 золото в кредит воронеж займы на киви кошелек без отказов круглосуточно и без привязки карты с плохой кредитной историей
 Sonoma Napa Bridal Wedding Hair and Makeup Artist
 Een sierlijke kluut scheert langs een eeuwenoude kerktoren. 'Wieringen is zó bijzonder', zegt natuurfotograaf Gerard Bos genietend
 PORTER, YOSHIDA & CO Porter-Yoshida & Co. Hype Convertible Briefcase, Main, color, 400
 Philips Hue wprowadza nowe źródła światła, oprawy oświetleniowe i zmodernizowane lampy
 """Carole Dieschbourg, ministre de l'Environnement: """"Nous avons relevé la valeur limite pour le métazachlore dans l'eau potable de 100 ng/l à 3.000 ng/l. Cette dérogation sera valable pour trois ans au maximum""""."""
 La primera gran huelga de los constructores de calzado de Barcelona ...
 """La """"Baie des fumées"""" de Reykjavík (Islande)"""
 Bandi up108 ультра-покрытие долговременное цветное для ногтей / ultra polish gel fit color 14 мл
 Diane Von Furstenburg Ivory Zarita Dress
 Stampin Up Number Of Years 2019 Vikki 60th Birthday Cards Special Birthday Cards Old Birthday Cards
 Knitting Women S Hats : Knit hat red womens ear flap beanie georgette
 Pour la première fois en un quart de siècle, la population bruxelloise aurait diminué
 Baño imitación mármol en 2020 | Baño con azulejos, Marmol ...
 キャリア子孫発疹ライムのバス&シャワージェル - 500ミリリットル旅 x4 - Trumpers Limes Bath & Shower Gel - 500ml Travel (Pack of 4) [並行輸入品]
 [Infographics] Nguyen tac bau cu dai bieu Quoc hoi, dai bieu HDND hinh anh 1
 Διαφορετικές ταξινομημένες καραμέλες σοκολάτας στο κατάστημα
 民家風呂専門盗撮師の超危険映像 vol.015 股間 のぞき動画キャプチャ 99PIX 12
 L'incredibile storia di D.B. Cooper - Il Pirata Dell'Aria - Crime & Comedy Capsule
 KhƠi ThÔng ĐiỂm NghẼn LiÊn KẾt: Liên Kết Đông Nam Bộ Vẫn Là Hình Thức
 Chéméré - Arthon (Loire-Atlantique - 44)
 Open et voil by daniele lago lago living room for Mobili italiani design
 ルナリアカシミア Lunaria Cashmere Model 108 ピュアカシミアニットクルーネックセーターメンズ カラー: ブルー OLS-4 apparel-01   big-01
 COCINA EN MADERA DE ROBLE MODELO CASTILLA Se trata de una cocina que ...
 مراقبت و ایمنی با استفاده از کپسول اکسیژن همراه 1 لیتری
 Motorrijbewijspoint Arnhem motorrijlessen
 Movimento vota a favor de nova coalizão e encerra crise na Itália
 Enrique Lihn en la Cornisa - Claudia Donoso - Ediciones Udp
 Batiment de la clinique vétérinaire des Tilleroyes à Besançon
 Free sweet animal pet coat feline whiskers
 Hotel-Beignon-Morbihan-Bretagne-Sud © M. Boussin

*EXERCISE DETAILS*: Gather each line of the listing that holds the string "color".

*EXERCISE RESPONSE*:
 PORTER, YOSHIDA & CO Porter-Yoshida & Co. Hype Convertible Briefcase, Main, color, 400
 Bandi up108 ультра-покрытие долговременное цветное для ногтей / ultra polish gel fit color 14 мл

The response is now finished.